On September 28, 2018, the combined effect of a 7.5 magnitude earthquake, tsunami and soil liquefaction process caused tremendous damage in the Palu area. The United Nations estimated that the combined effect phenomenon caused more than 2,100 fatalities, nearly 79,000 displacements and resulted in more than 68,400 dwellings damaged 1 so spatial information and agile assessment methods were crucial to attend affected population.
To address these needs, our team gathered information from different sources and developed a dataset for Palu. This dataset was included in the City Planning Labs tool, Suitability, and an index was developed to identify suitable and unsuitable areas for settlement relocation.

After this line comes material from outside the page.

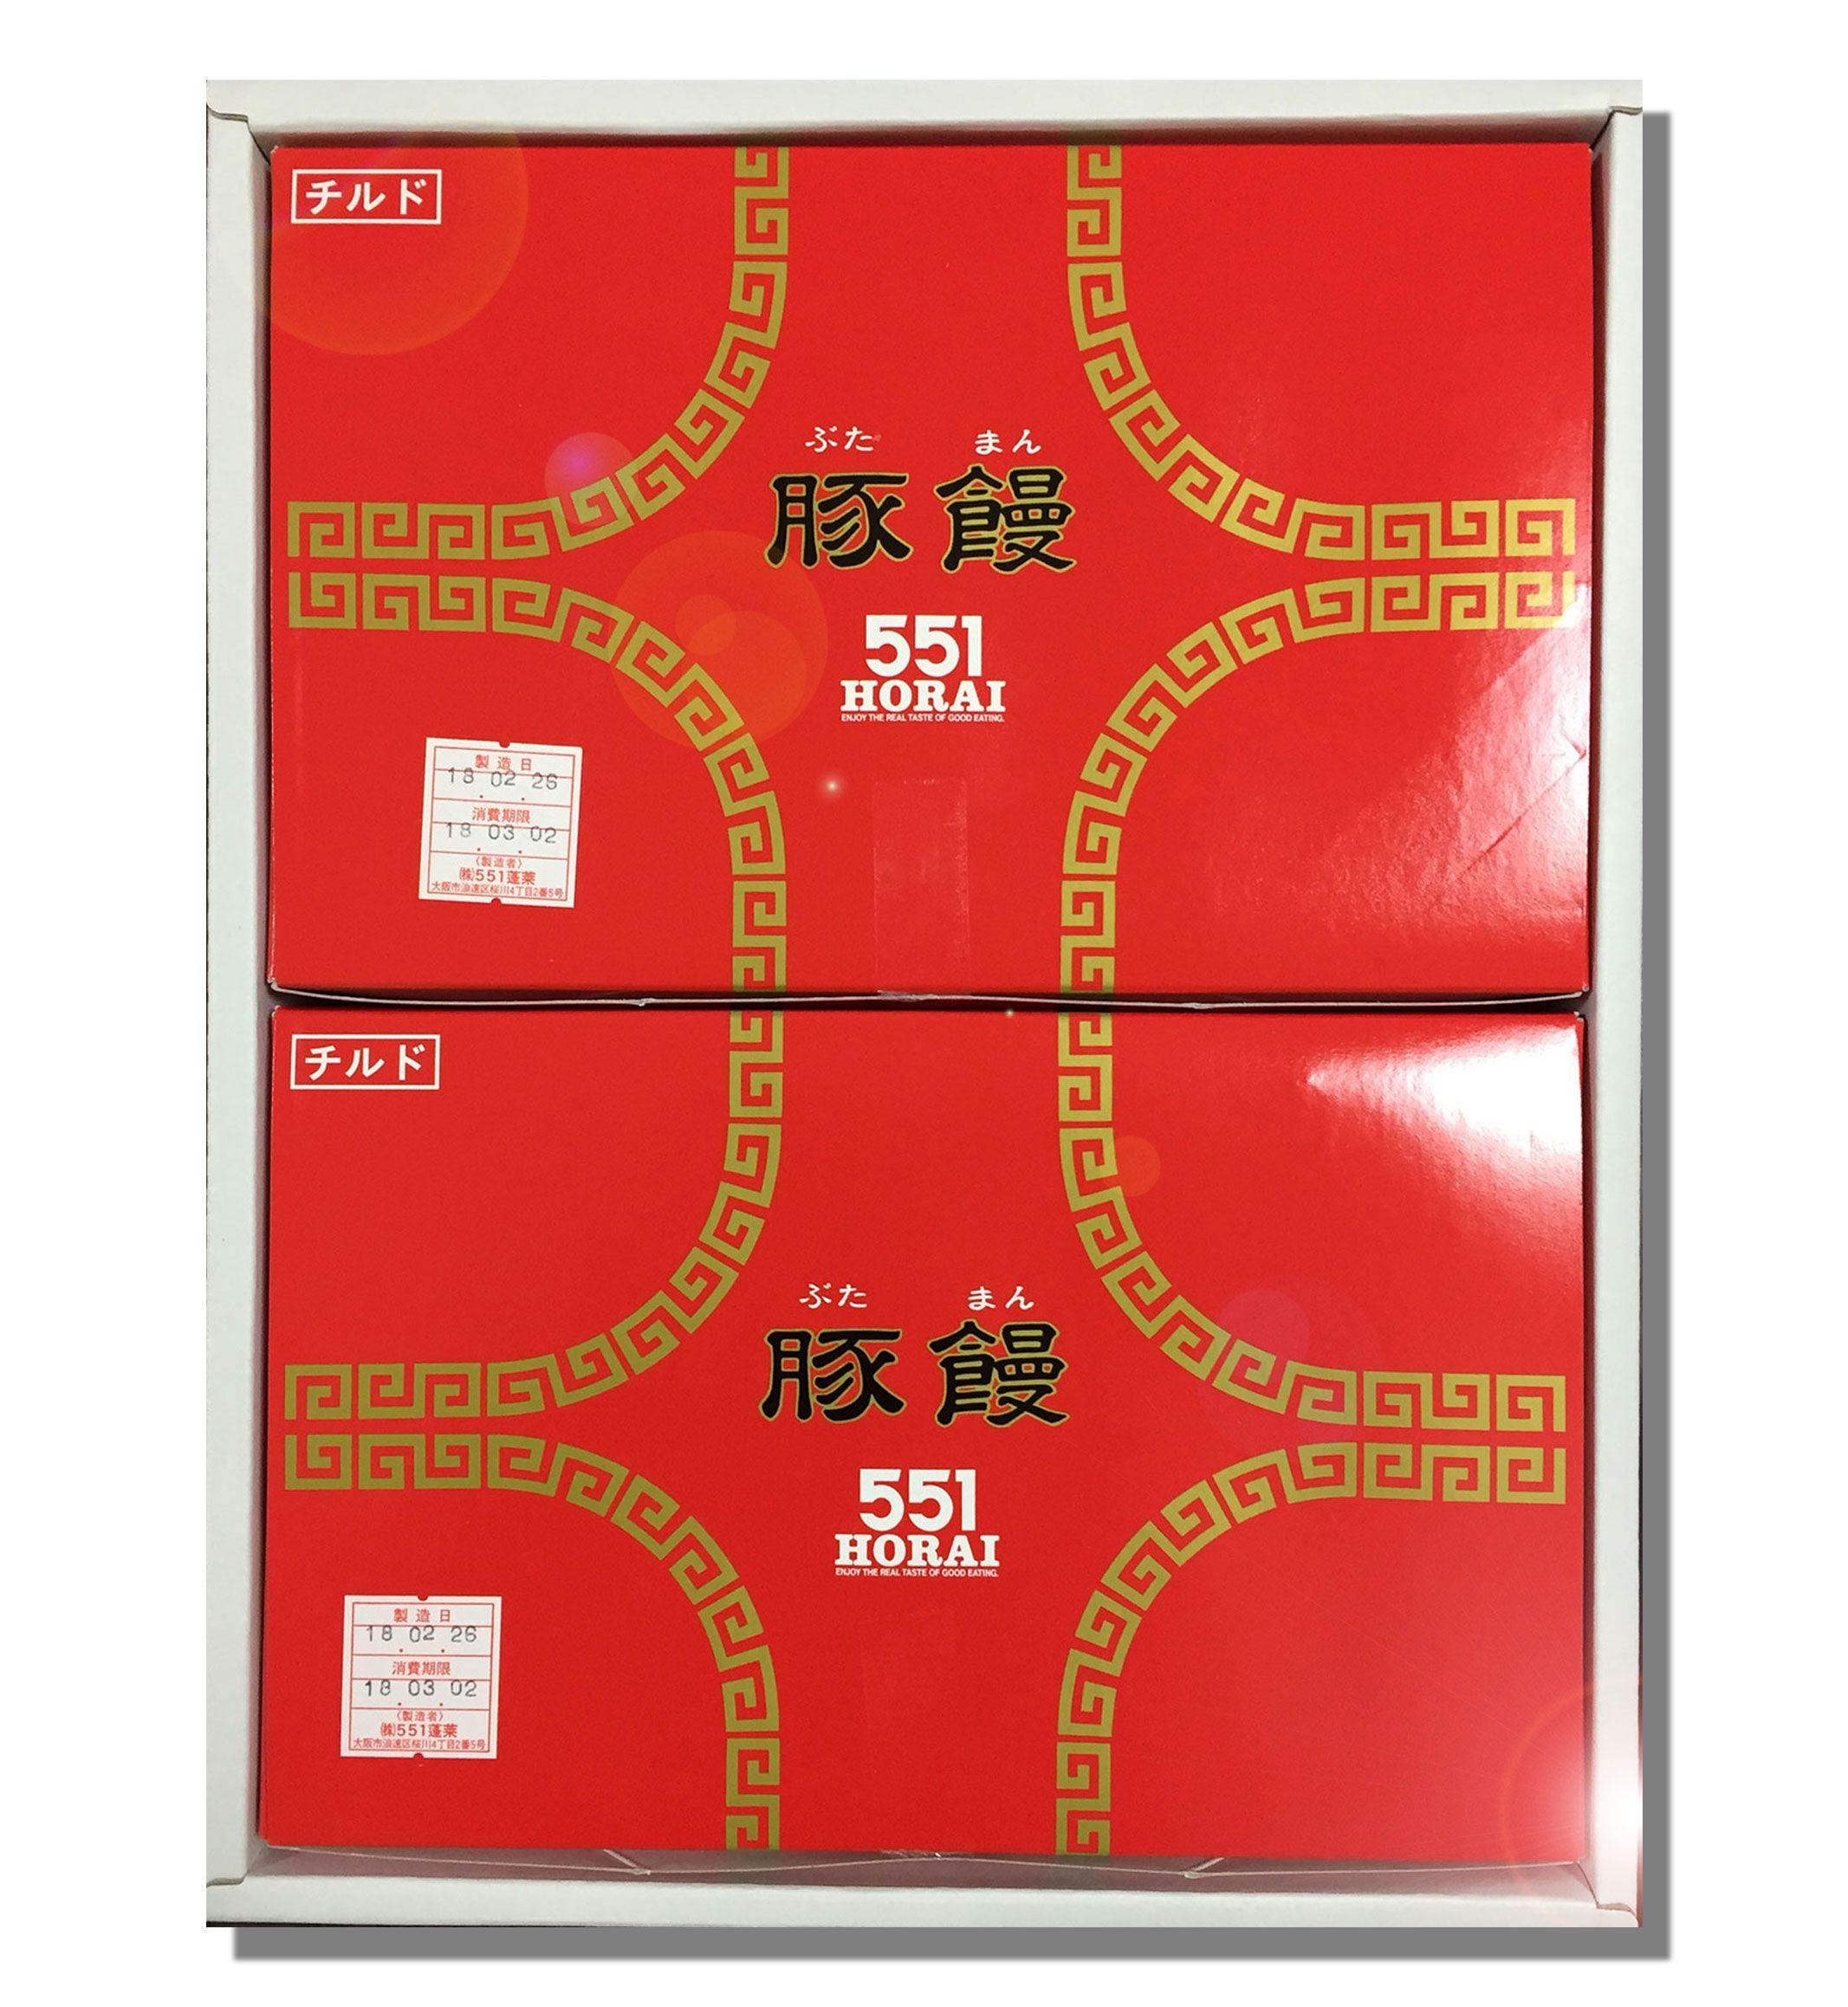 大阪名物・蓬莱551の豚まん 通販02

The Suitability dataset for Palu was built with more than 20 layers, including built-up area in selected years, nighttime lights, altitude, slope, proximity to commercial buildings, markets, schools, hospitals, clinics and risk areas. By combining layers, normalization rules, and filters, we developed 6 maps:
- Disaster prone area - direct impact
- Disaster prone area - on river setbacks
- Agricultural area
- National Park
- Settlement area
Priority areas were identified for each of these six categories, so the maps describe areas with a high suitability index for them.

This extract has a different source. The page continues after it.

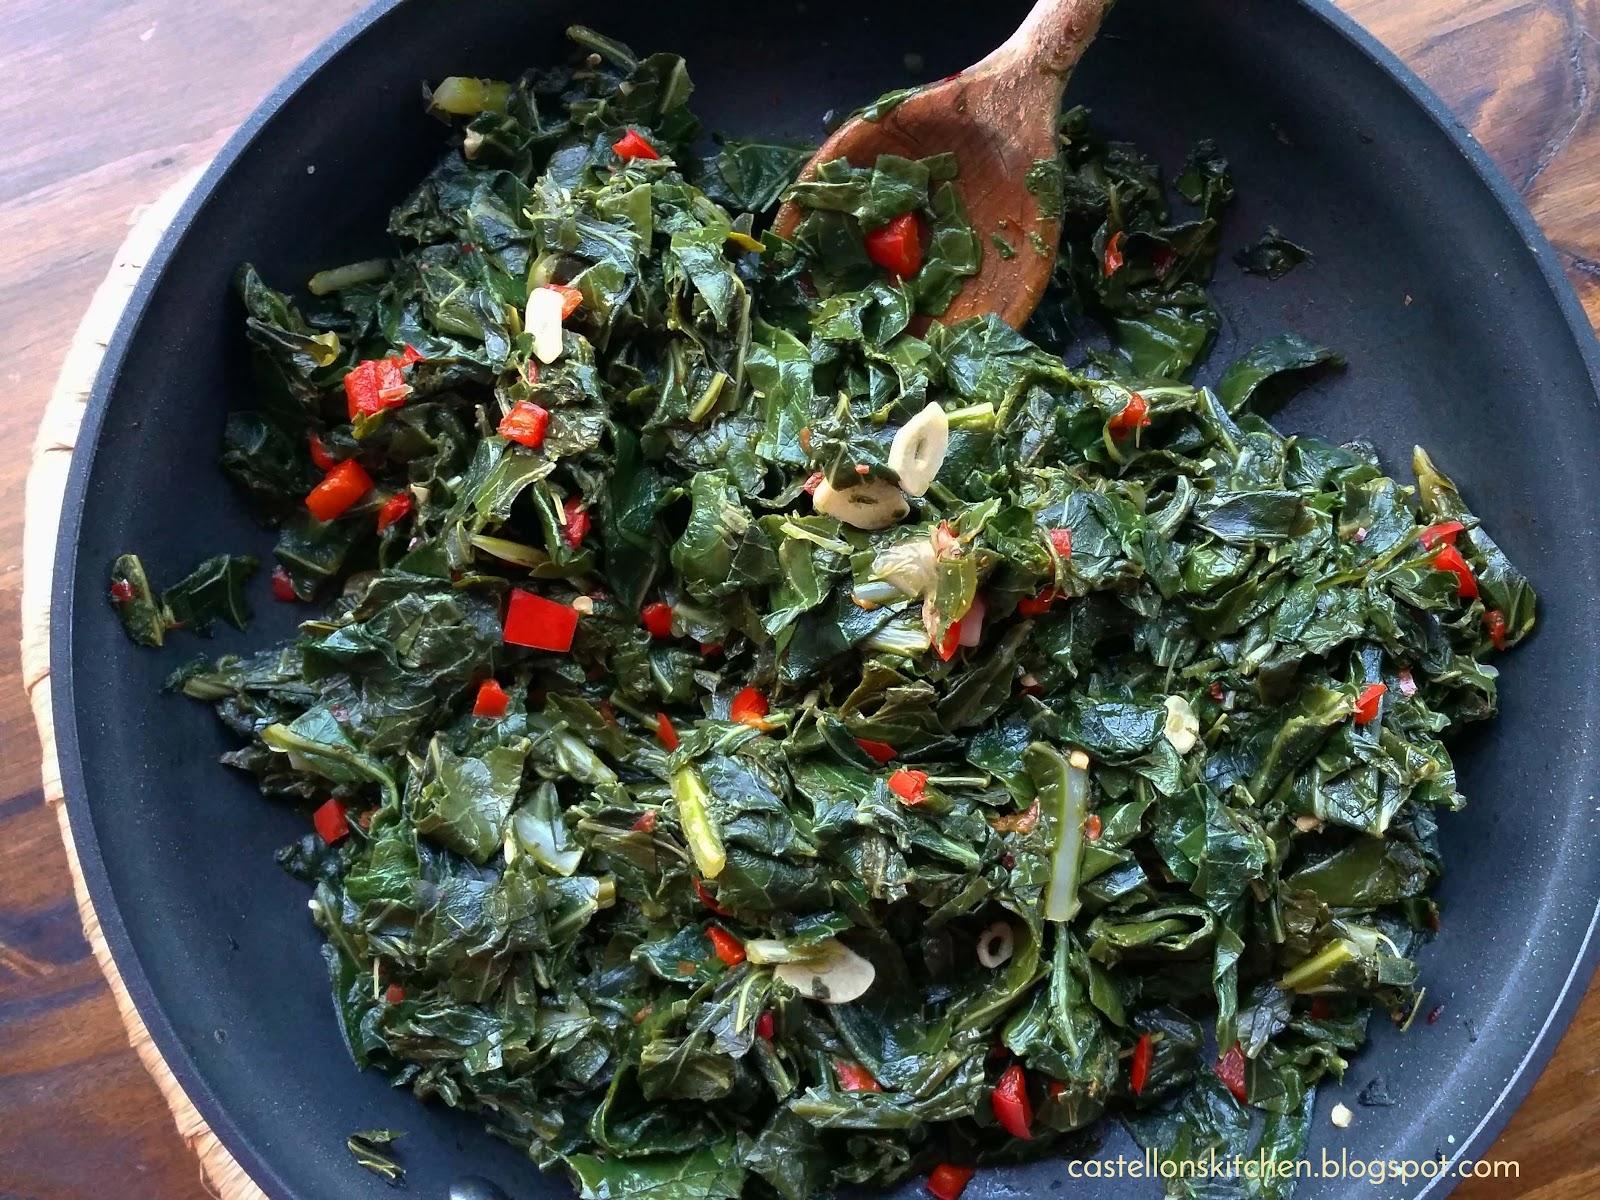 Castellon's Kitchen: Sauteed Collard Greens

For this case, we will only be detailing the methodology and results for the first map. To know more about the rest click here.
Disaster prone area - direct impact
To develop this map, we considered all areas with observed direct impacts of any of the natural events.
We then used the following layers for the development of the map: a) Distance to the disaster area: liquefaction; b) Distance to the disaster areas: affected zones.
A 200 meters buffer (area of influence) for all zones was included.
We obtained the following results (yellow highlights are affected areas and orange-to-red highlights represent the buffer):
This analysis was carried out to exemplify where priority-areas were identified for each land use category.
The present case study should serve as an example of how the Suitability tool and its methods can be used for spatial planning. Practitioners and decision makers are encouraged to test other combinations of layers, filters, normalization rules and weights to identify their own optimal locations.